General information
- Type: Helicopter
- National origin: Belgium
- Manufacturer: Winner SCS
- Status: Production completed (2017)

= Winner B150 =

Belgian kit helicopter

The Winner B150 is a Belgian helicopter that was designed and produced by Winner SBS of Dinant. Now out of production, when it was available the aircraft was supplied complete and ready-to-fly-aircraft or as a kit for amateur construction.

==Design and development==
The B150 was designed to comply with the French CNSK rules. It features a single main rotor and tail rotor, a two-seats-in side-by-side configuration enclosed cockpit with a bubble windshield, skid landing gear and a 160 hp Solar T62T-32 turboshaft engine.

The aircraft fuselage is made from aluminum and composites.
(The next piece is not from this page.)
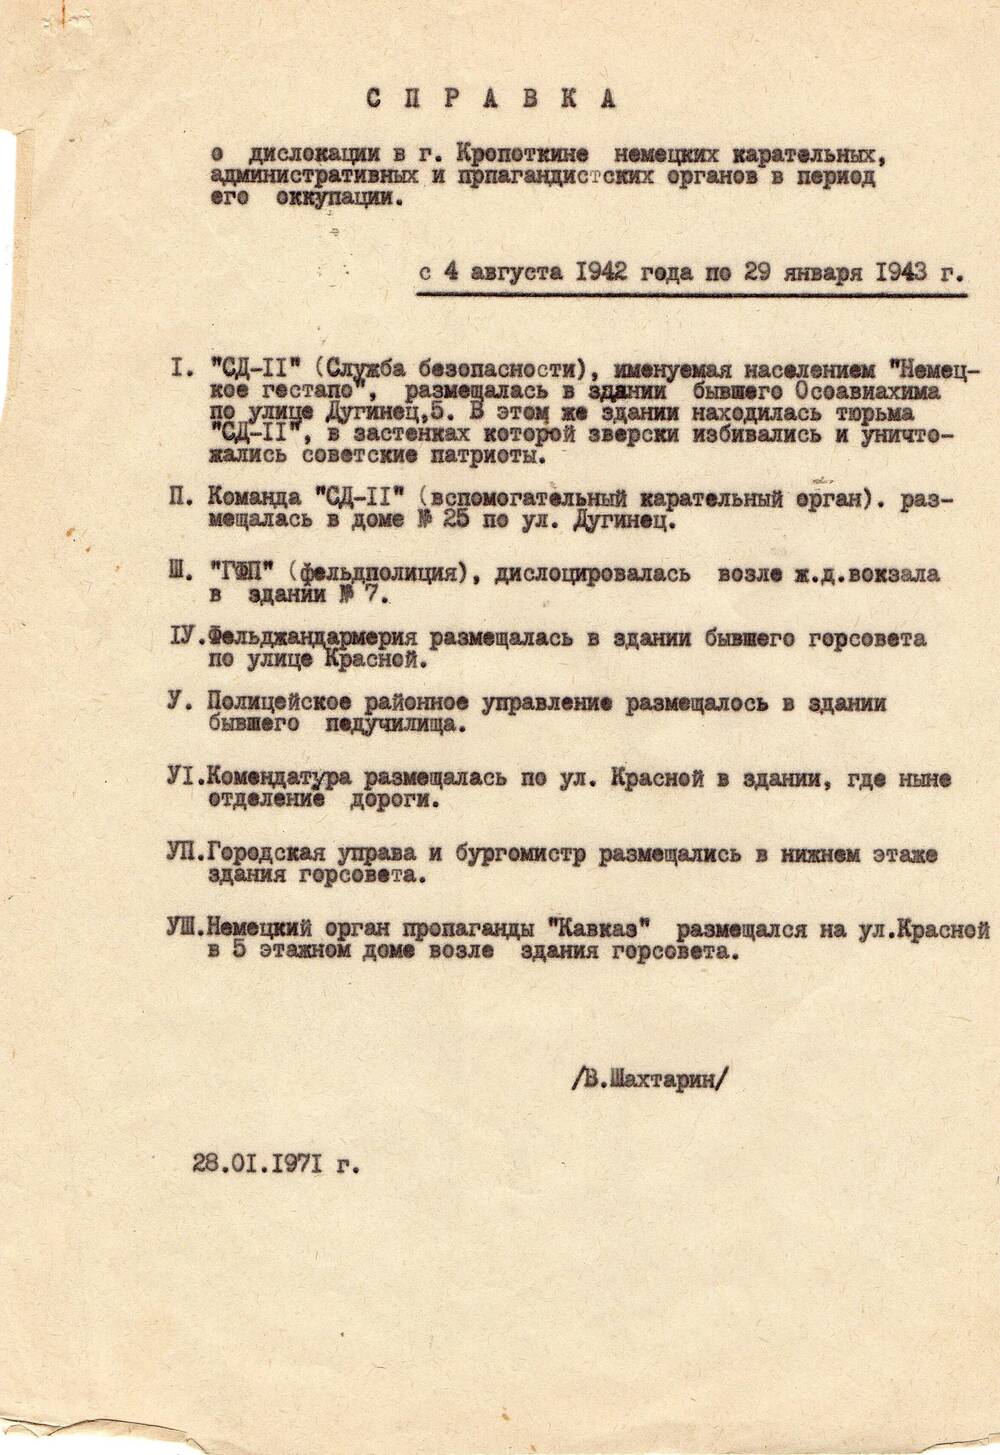 Справка о дислокации в городе Кропоткине немецких карательных, административных и пропагандистских органов в период его оккупации  с 4 августа 1942 по 29 января 1943 гг.

Its two-bladed rotor has a diameter of 7.67 m and a chord of 19 cm. The aircraft has a typical empty weight of 400 kg and a gross weight of 700 kg, giving a useful load of 300 kg. With full fuel of 165 L the payload for the pilot, passenger and baggage is 157 kg.

Reviewer Werner Pfaendler, describes the design as providing "easy and fun flying".

Production of the B150 was suspended due to deficiencies in the Solar T62 powerplant. The company said, "it was decided to abandon the Solar T62 turbine; this second-hand power source appeared to be obsolete, difficult to find in a proper condition and with limited performance". Instead the company redesigned the airframe to accept a 200 hp piston engine as the B200 and also a 250 hp TS100 turboshaft engine as the B250.